BEGIN

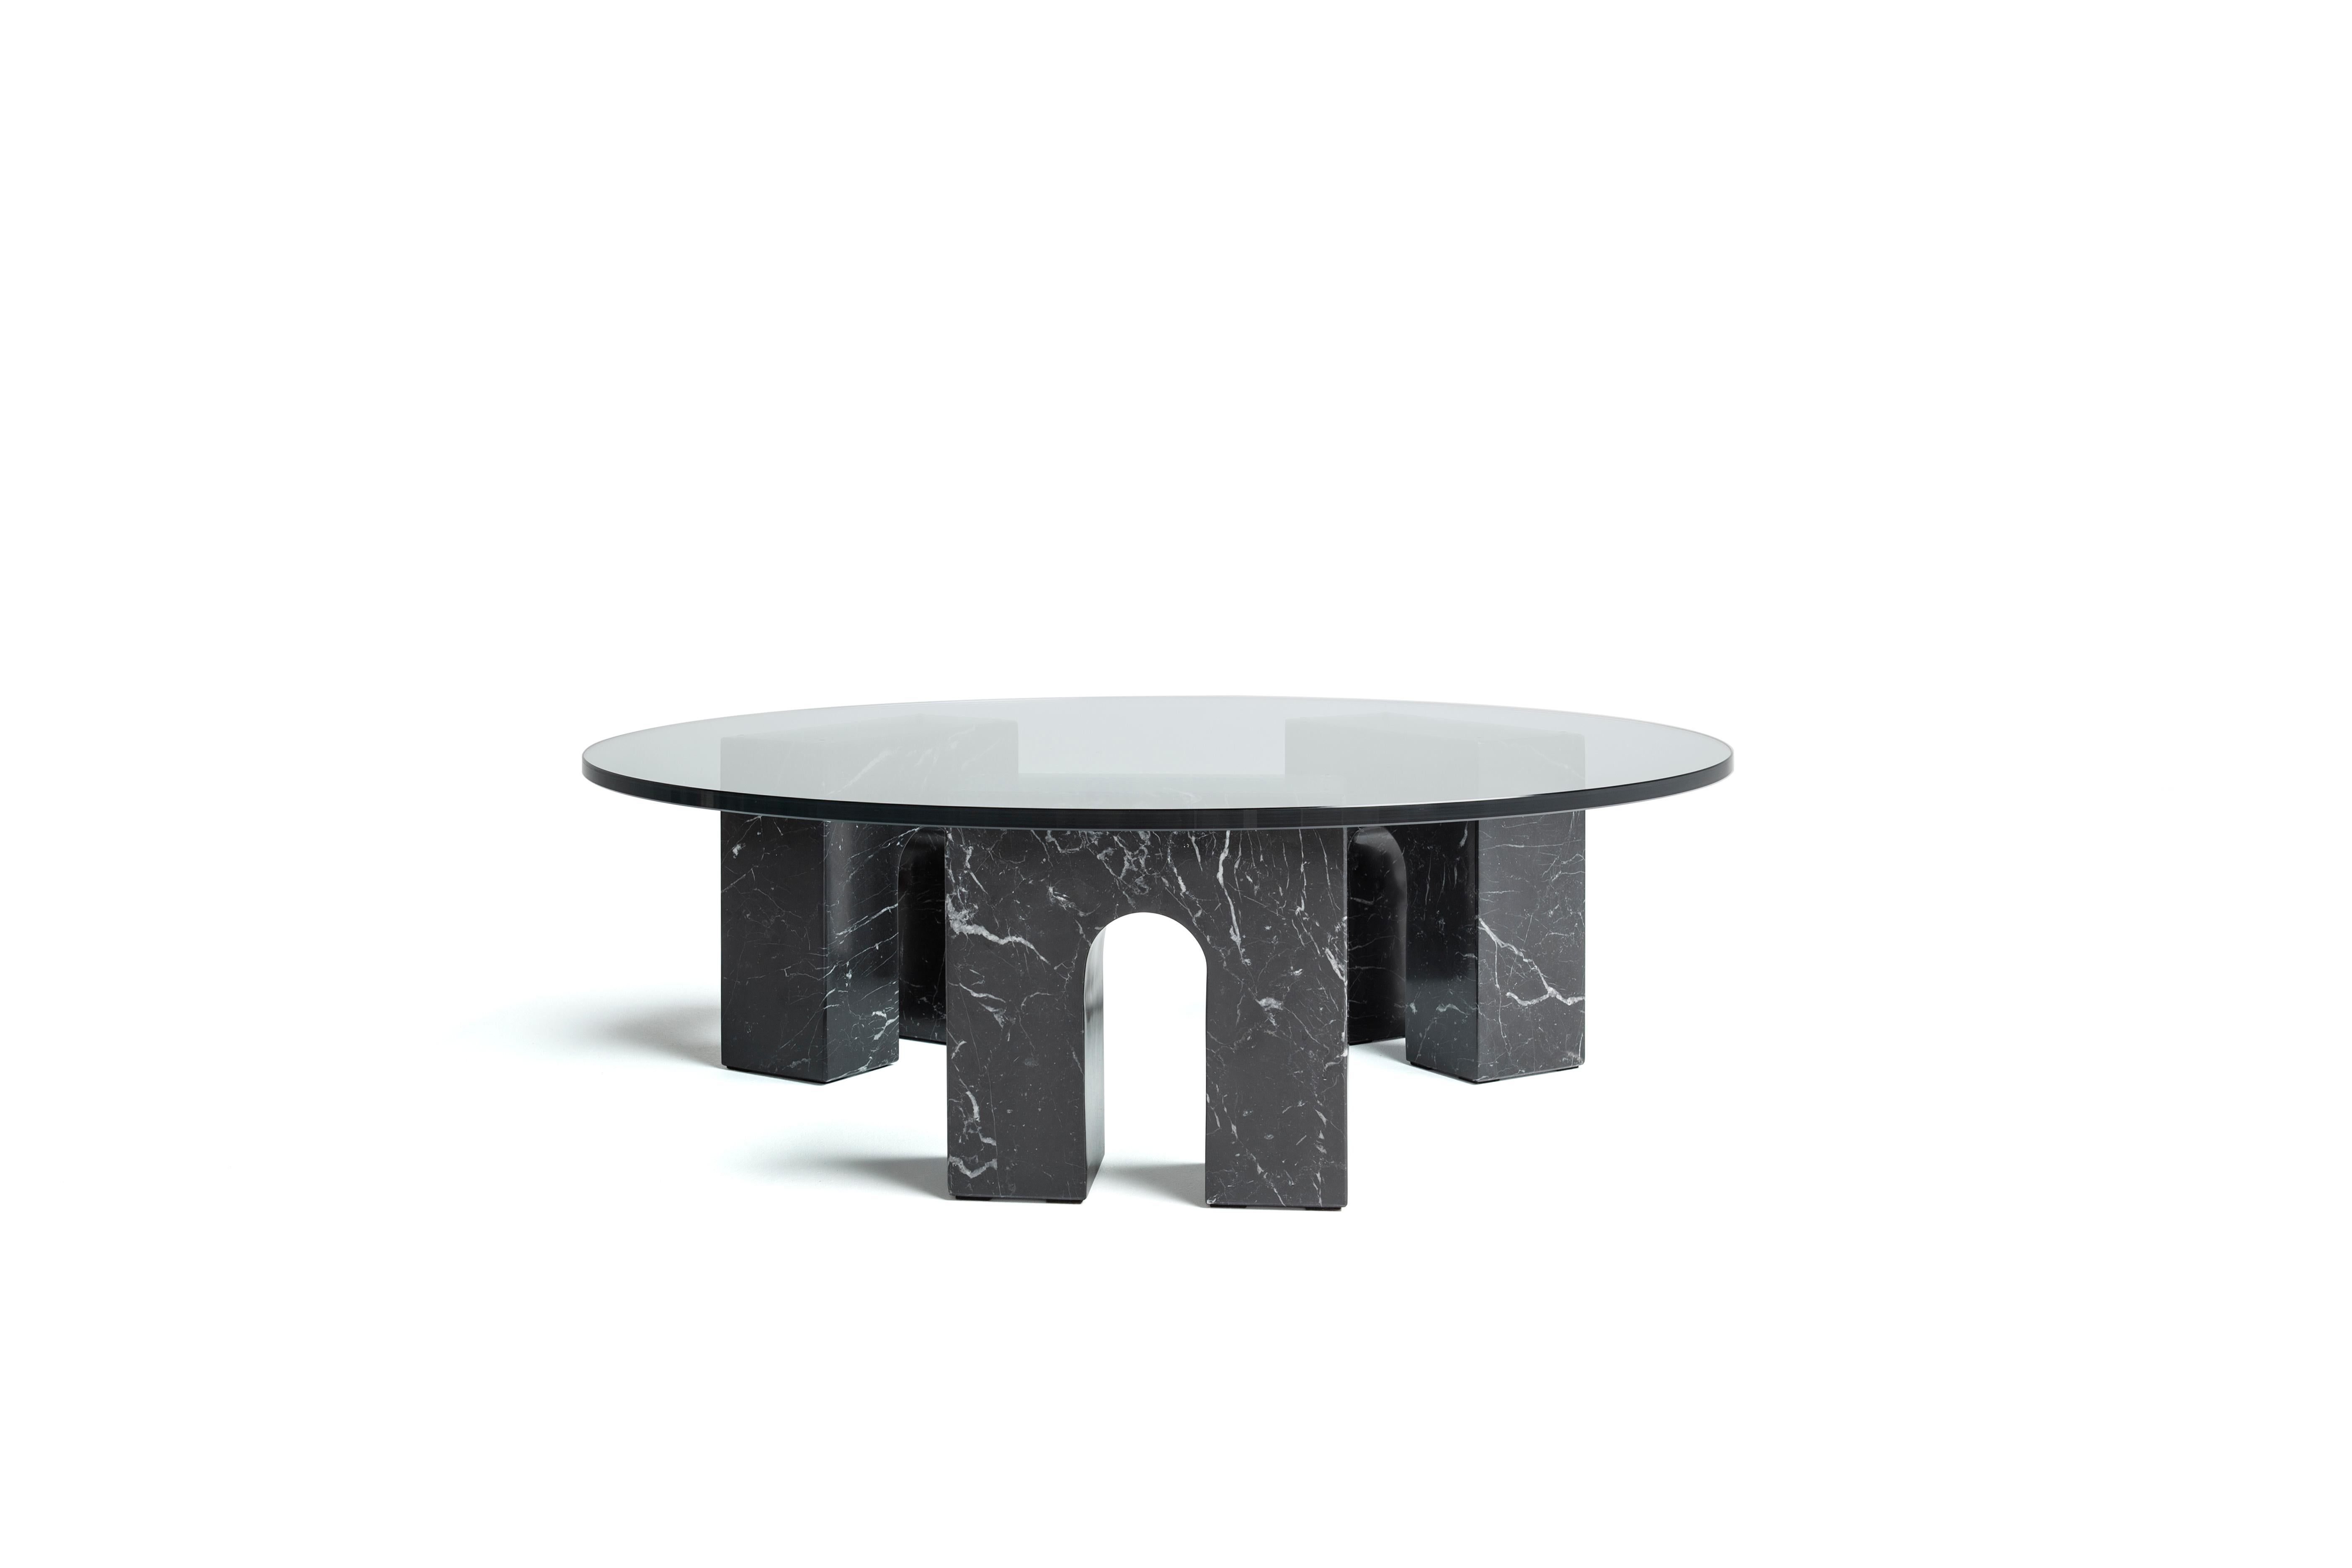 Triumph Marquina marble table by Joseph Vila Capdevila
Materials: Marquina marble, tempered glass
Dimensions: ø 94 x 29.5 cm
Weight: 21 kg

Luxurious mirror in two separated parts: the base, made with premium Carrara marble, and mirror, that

END

Please give all of the data again, exact and free of pictures.

 Triumph Marquina marble table by Joseph Vila Capdevila
Materials: Marquina marble, tempered glass
Dimensions: ø 94 x 29.5 cm
Weight: 21 kg

Luxurious mirror in two separated parts: the base, made with premium Carrara marble, and mirror, that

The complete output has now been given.